Doing this massively highlights everything you are doing wrong. You simply cannot wave that finger around if it needs to be somewhere else in a tenth of a second. You cannot be making exaggerated wrist movements with the guitar pick because your right hand will shake itself to pieces at that speed. All of the bullshit you got away with at a lower rate is suddenly staggeringly, blindingly obvious.

And then when you set the metronome back to 130 bpm, it feels fucking easy. You are totally in control, to the extent that you are able to work on all that stuff you now know was holding you back. Oh and was that a typo? NO. 130 bpm now feels trivial, whereas previously 122 bpm felt impossible. It helps massively to stretch your ambition. You will NEVER achieve a goal, if you cannot ever picture yourself being able to do it, and have no *feel* for what its like to be at that goal.

So thats great, but how the hell does that help me ship an indie game / write a book / learn spanish or whatever?

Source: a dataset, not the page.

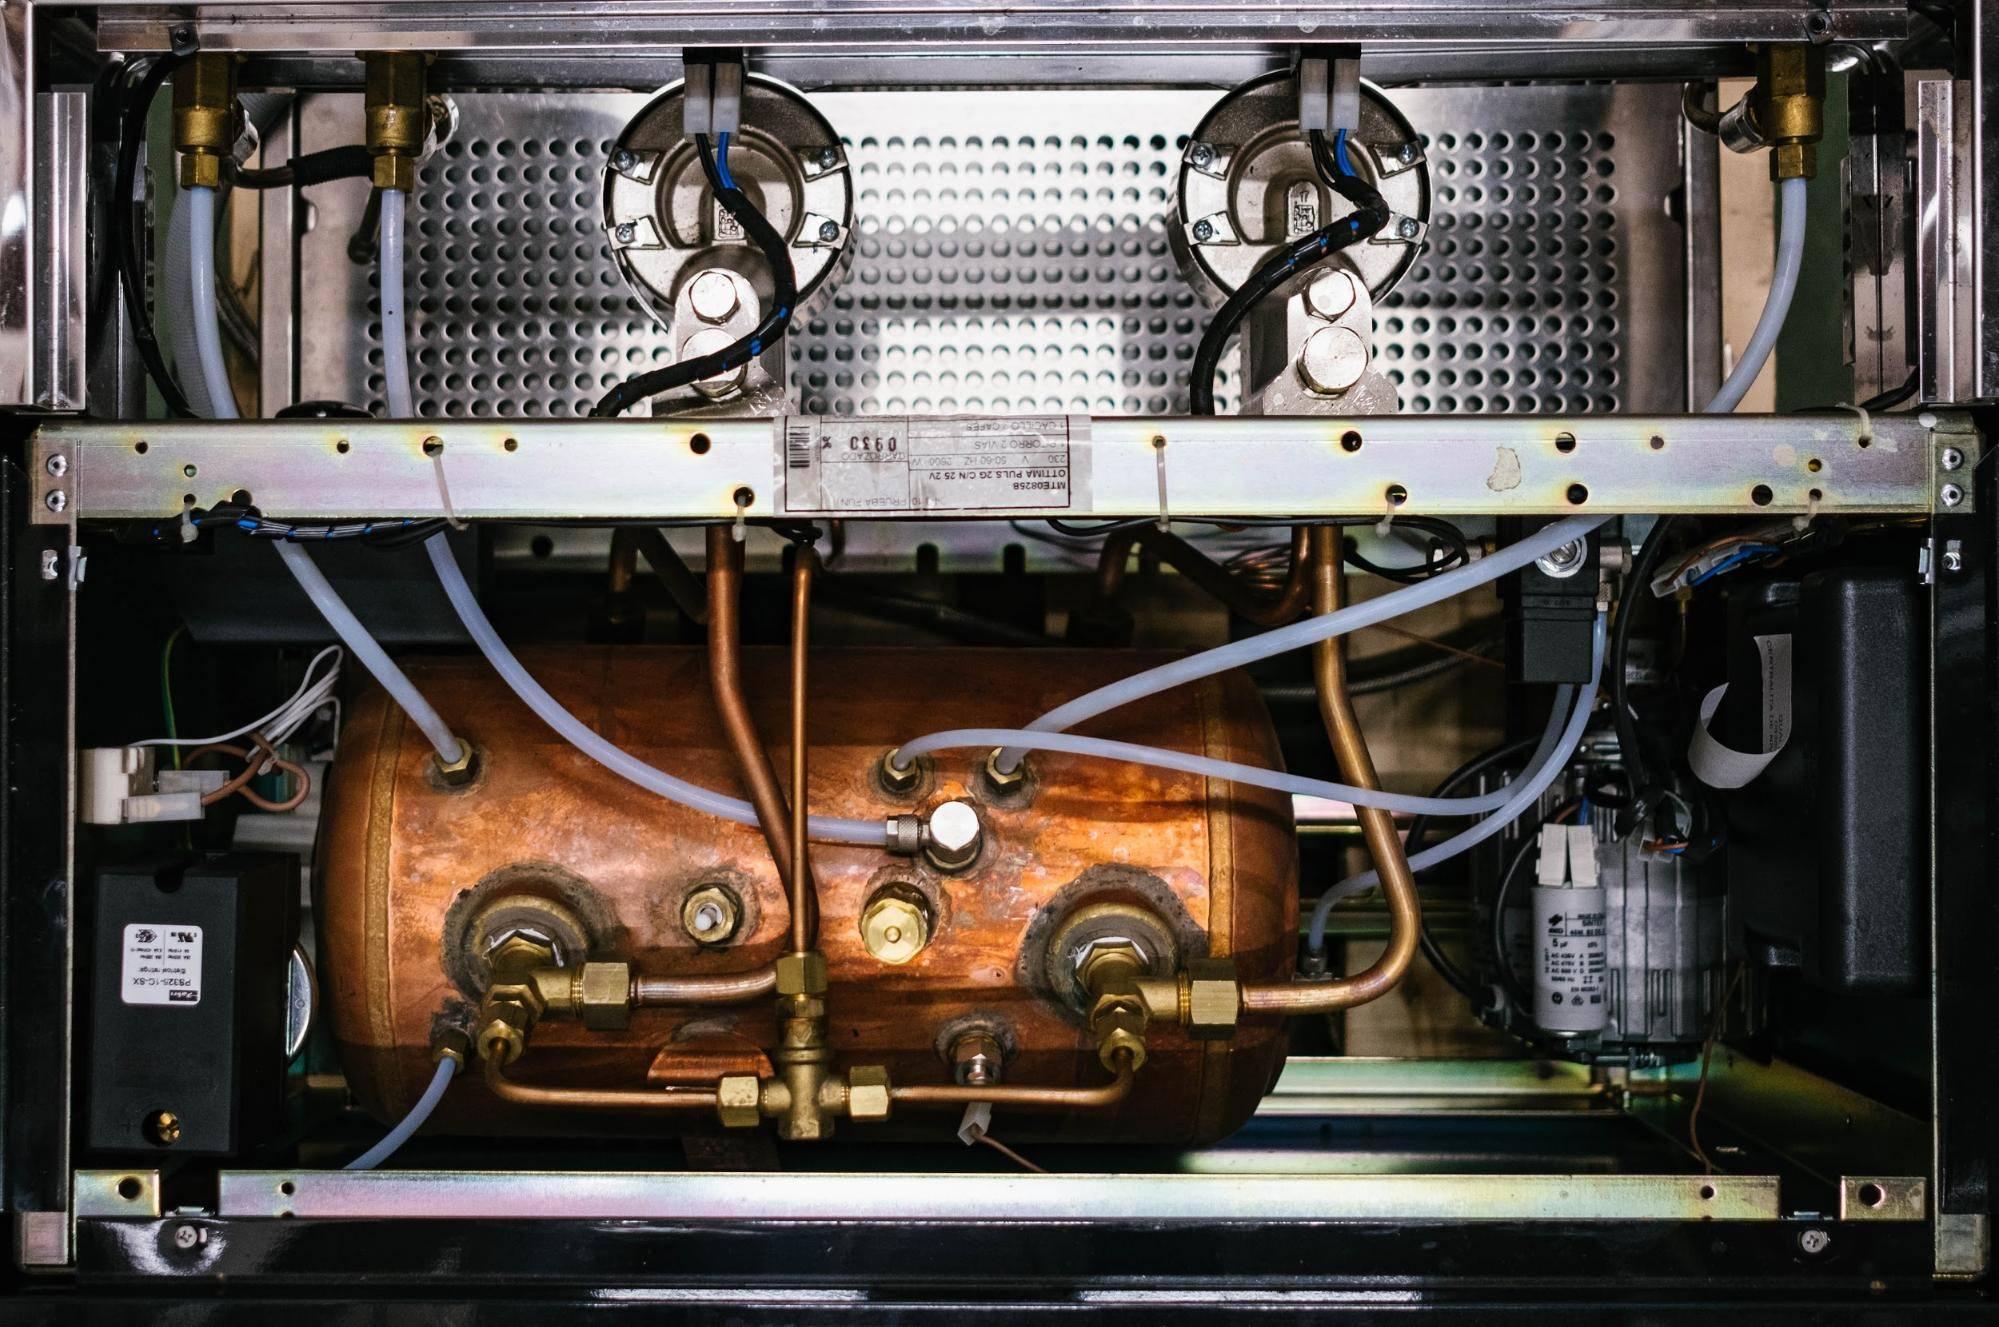 Кофеварка рожкового типа: кому подойдёт, специфика и устройство, виды, обзор производителей и цен, как выбрать для дома и офиса, нюансы варки

This is a universal technique! It works for everything. If you are trying to force yourself to walk 6km a day, try walking 18km one day. The next day will feel hilariously easy. If you are trying to write 100 lines of code every day, write 1,000 one day. The important thing is to set the higher goal WAY WAY HIGHER than the progress you want to make. You will find this works for everything. Writing 1,000 lines of code a day requires dedication, no distractions, a comfortable office chair, possibly complete silence, maybe a coffee machine in your office… who knows! but the point is, you will not know what optimisations and efficiencies you need to make until you push the process to its limits. Maybe you CAN walk 5km a day in your normal footwear, but walking 18km is agony unless you get new trainers/sneakers? Ok, cool, you are now in agony, but you have learned one thing that was holding you back.

Sometimes, it means a completely new approach entirely. The ‘marginal’ improvement approach might be fundamentally flawed. Trying to put a man on the moon by building bigger and bigger trampolines will not work. It always seems like the trampoline could be just a bit bigger… but until you try to get 5 miles high, you wont realize you need a bloody rocket.

There are a TON of reasons why some people seem to struggle to ever make progress in what they do. Some people mistake ‘putting the hours in’ with the much more important ‘deliberate practice’. Some people are experts at inventing justifications and excuses for why they fail their goals. Some people psychologically do not have enough self belief to ‘allow’ themselves to achieve their goals, and my god there are a lot of books that you can read on these topics as a displacement activity from actually getting stuff done…

…but I do think that this technique is especially under-utilised. When you try it, you realize what a game changer it is. You have no idea what prevents you 10x-ing your achievements, because you never think beyond 1.1x-ing the way you do things now. Another way to think about it is to treat your goals as something done in a factory. It doesnt matter how quickly you run around and slave away making stuff in a workshop, if you never realize that the ONLY way to make 1,000 widgets an hour is going to be a conveyor-belt production line with division of labor, then you will waste a ton of effort (and shoe-leather) sprinting between different bits of equipment. Only by envisaging the final rate of production and TRYING it, will you ever really have a chance of achieving it.